Hands trembling I knelt down to slip the hook. It just seemed to keep growing in front of me as I sobered from a giddy adrenal stupor. I retained the fish in the margins and realised I had to tell someone. Anyone! I rang my friend back in the UK but he didn’t pick up, being around 5am. Surprisingly he called back. “Have you got it?” he croaked, knowing there would be no other reason I would be calling at such a time. My simple “yes” reply echoed throughout my being, forcing me to comprehend the miracle that had just befallen me. He said he had an intuitive feeling I would catch it.

I had hardly a moment to take note of the synchronicity of events. My energy was focussed on lifting the fish for long enough to capture a photo. It was humongous! Never did I imagine that I would cradle such an enormous carp, neither did I imagine that it would have such personality. Just from looking into its eyes I could tell that something was in there looking right back at me, aware of all that was happening and making its mind up about all who had congregated for the spectacle.

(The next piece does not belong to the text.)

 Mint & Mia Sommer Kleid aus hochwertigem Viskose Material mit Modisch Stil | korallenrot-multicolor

Shimmering in morning light

From an aerial view, detailed interlocking patterns weaved across its broad back like an intricate line drawing, within which form after form presented itself. Weightless in its watery domain, it slowly passed my numb fingers, through the crystal margins vanishing over a drop-off; a moment I shall never forget.

Given the circumstances, the capture was incredibly fortunate. Some unknown force had lured me back for one last go and amazingly my call was answered. To call it a coincidence is to do it an injustice.

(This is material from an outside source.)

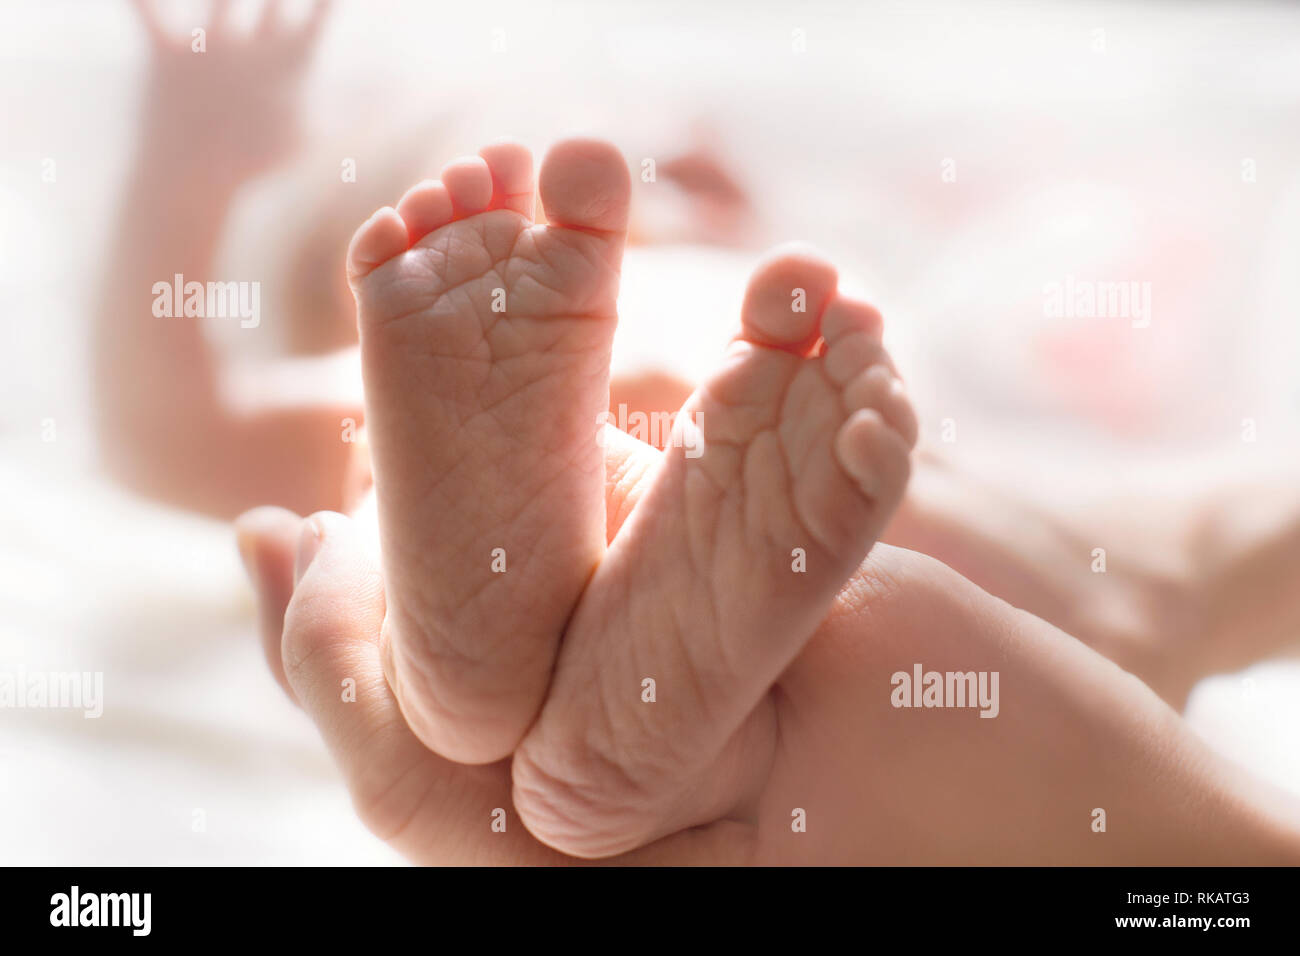 Mano Madre Sujetando Pies De Bebé Recién Nacidos. Concepto De Asistencia  Sanitaria. Recién Nacido En El Hospital Foto de archivo - Imagen de padre,  lindo: 253616384

“Nature loves courage. You make the commitment and nature will respond to that commitment by removing impossible obstacles. Dream the impossible dream and the world will not grind you under, it will lift you up. This is the trick. This is what all these teachers and philosophers who really counted, who really touched the alchemical gold, this is what they understood. This is the shamanic dance in the waterfall. This is how magic is done. By hurling yourself into the abyss and discovering it’s a feather bed.” Terrence McKenna

That was the last time I fished before winter’s grasp sealed a lid over any potential haunts. The synchronicity continued and in many ways still continues. My relationship with Caroline took a new turn, in that we decided to take different paths. It wasn’t without tears and heartache, but then nobody worth loving ever is.

Winter set in 1600m above sea level. I was no longer able to tell where the van ended and the snow began. All was deeply quilted in white and would remain so until the spring when I would be desperate to dig myself out of the last of the winter snow in search of new and exciting liquid frontiers.